= Epilepsy Foundation of Victoria =

Australian charity

The Epilepsy Foundation is a large Australian charity, headquartered in Surrey Hills, Victoria, which provides evidence-based programs to support to people living with epilepsy, and all those who care for them. Epilepsy Foundation programs are delivered nationally through the Epilepsy Australia network of service delivery partners. The Epilepsy Foundation delivers services directly in New South Wales and Victoria. The Epilepsy Foundation aims to stop avoidable deaths, ensure children get a good education, help people get and keep their jobs and help people feel safe and connected. The Epilepsy Foundation works to ensure that "no one with epilepsy goes it alone".

== History ==

The foundation was formed in 1964 by a group of concerned parents to provide support and information to all Victorians affected by epilepsy. Initially called the Victorian Bureau for Epilepsy, one of the priorities was accommodation following the closure in 1963 of what was known as the Talbot Colony for Epileptics.
The organisation's name changed to the Epilepsy Foundation of Victoria in 1978 and the next few years saw its continued rapid development including the appointment of a consultant medical officer and the establishment of a medical advisory panel. In 2016, the name was subsequently changed to the Epilepsy Foundation.

== Today ==

The charity develops policies regarding epilepsy in schools, engages in advocacy and provides funding for academic/clinical research. The organisation forms part of Epilepsy Australia, a coalition of national and local epilepsy charities across Australia.

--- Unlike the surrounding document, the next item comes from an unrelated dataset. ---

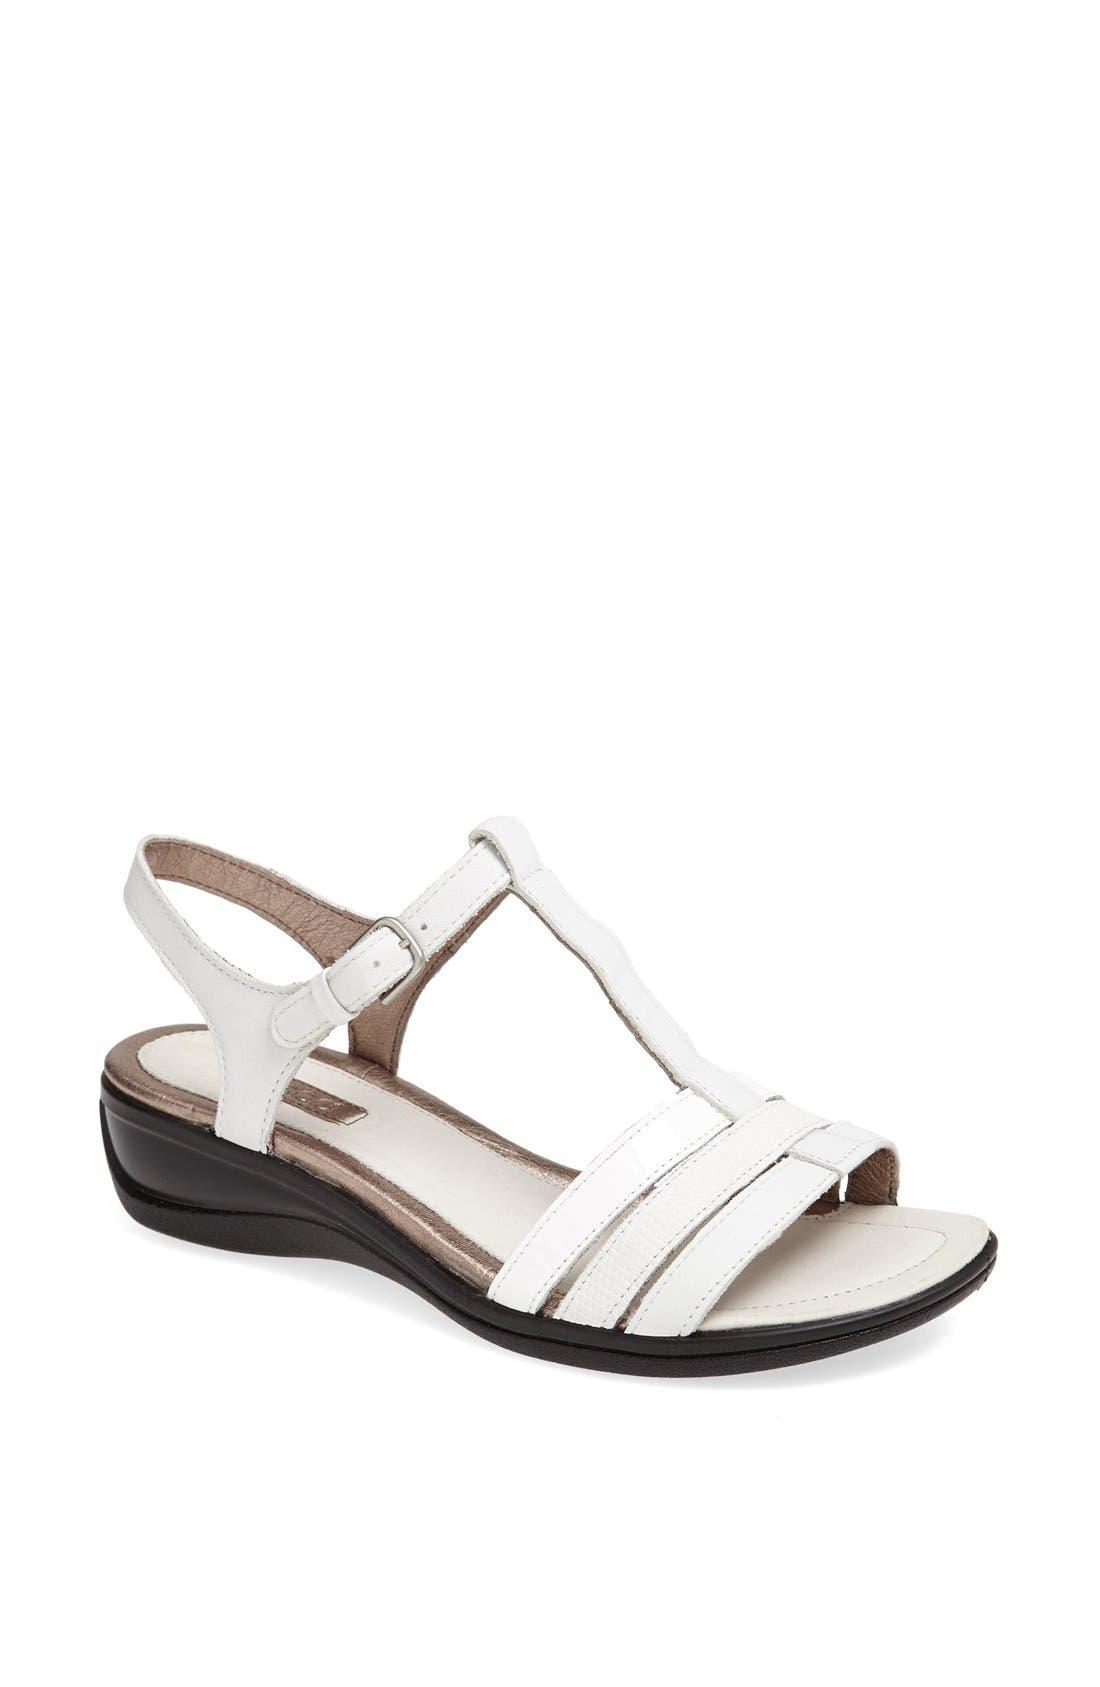 Alternate Image 1 Selected - ECCO 'Sensata' Sandal

In 2020, the Australian Government provided funding to the Epilepsy Foundation to develop a new program titled Epilepsy Smart Australia. The program aims to reduce the chronic health impacts experienced by Australians of all ages living with epilepsy.
The Epilepsy Foundation is a registered National Disability Insurance Scheme (NDIS) Support provider.

The Epilepsy Foundation has established the Australian Epilepsy Research Register and conducted five waves of research into the impacts of epilepsy on people's lives. The Epilepsy Foundation has also established a peer-reviewed grants program the Australian Epilepsy Research Fund. With a seeding investment of $2 million from the Australian Government, the Australian Epilepsy Research Fund was developed with the hope of finding a cure through research. The first project to be awarded funding from the Australian Epilepsy Research Fund is the Florey SYNGAP-1 Gene Project.